We aimed to establish the role of Wnt signaling in epithelial regeneration, considering the contribution of this pathway to cell proliferation, and suggested Wnt proteins improve epithelial regeneration. In order to do this we seeded human bronchial epithelial cells (HBECs) and applied different concentrations of solutions containing the Wnt ligand, Wnt-3a, and the glycogen synthase kinase 3 (GSK3) inhibitor, lithium chloride. Proliferative activity of the cells was measured over three days using an alamar blue assay.

We also established a three-dimensional sphere-forming assay with Wnt-3a applied from day 0 or day 7, after seeding of the HBECs. We found that Wnt-3a and the GSK3 inhibitor effected cell proliferation, maximally on days 2 and 1 respectively. The sphere-forming assay showed Wnt-3a created more colonies, suggesting it has an effect in inducing more progenitor phenotypes. The effect was small but remains important, although the difference may not be great enough to make it worthwhile solely targeting the Wnt pathway in the creation of tissue-engineered constructs.

Further work could include looking at the influence of other Wnt proteins and growth factors on cell proliferation and the role of Wnt in epithelial cells on scaffolds.

Matt Ryde

Long-segment tracheal stenosis (LSTS) is defined as a significant narrowing of the tracheal lumen, usually due to the presence of complete tracheal cartilage rings.

The gold standard surgical treatment for LSTS is the slide tracheoplasty (STP) procedure, which is associated with improved surgical outcomes compared to previous surgical procedures used to treat complex tracheal disease.

The quality of life outcomes and psychological impact of LSTS and its treatment with the STP procedure has not yet been studied.

This study investigated children’s quality of life following STP and quantified this using a validated measure. In addition, the lived experience of the parents and children was investigated using semi-structured interviews. The quality of life of children following STP was found to be broadly similar to that of healthy children for most age groups. However, the presence of congenital abnormalities alongside LSTS corresponded to lower quality of life scores. The overarching theme from the interviews emphasised that caring for very sick children can have a profound effect upon the parents.

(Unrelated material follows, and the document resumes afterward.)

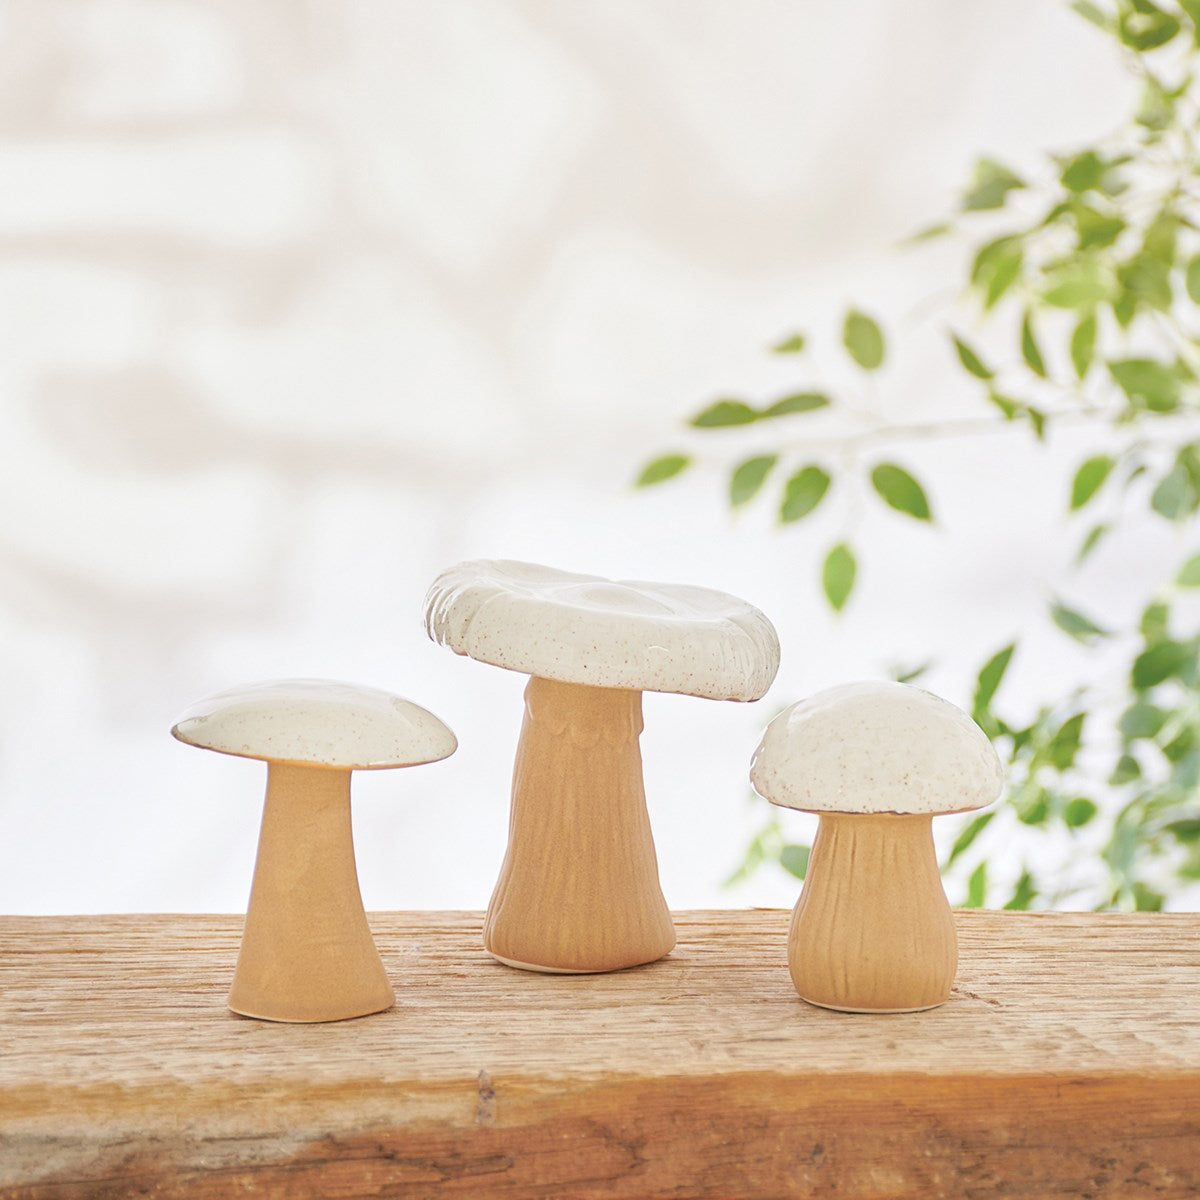 all three sizes of wild mushrooms have a white top and tan stem displayed on a rustic cut log with a shrub in the background

The data collected concerning quality of life following STP will be used in the future to facilitate the formulation and pilot of a patient reported outcome measure (PROM). This will provide information to refine the care pathway for patients with LSTS.

Luke Gibbons: Development of a non-invasive monitoring tool for complex tracheal disease

Luke Gibbons

Congenital tracheal stenosis is a rare condition where children are born with stenosis of the airway due to incomplete development of tracheal cartilage. Stenosis exceeding two-thirds of the length of the trachea is considered long-segment tracheal stenosis.

The gold standard treatment is currently slide tracheoplasty which shortens and widens the trachea. While this provides improvement of airway calibre it can be complicated by further stenosis. As such, children typically require long-term monitoring with bronchoscopy and bronchography which are invasive procedures that both require general anaesthetic.

In adult airways, changes in tracheal calibre have been shown to correlate with specific changes in acoustic power profiles of breath sounds. This study has further investigated this to develop the use of an iPad as a non-invasive monitoring tool that can be used at home, reducing unnecessary invasive procedures.

The iPad was used to record breathing sounds of eight children pre- and post-bronchoscopy and bronchography. These were analysed by applying a fast Fourier transform to the recording and calculating the mean spectral power over different frequency bands.

There were no significant changes in breathing sounds after dilatation of the trachea. This study recommends that further investigations are performed to determine what acoustic changes occur in children after tracheal dilatation.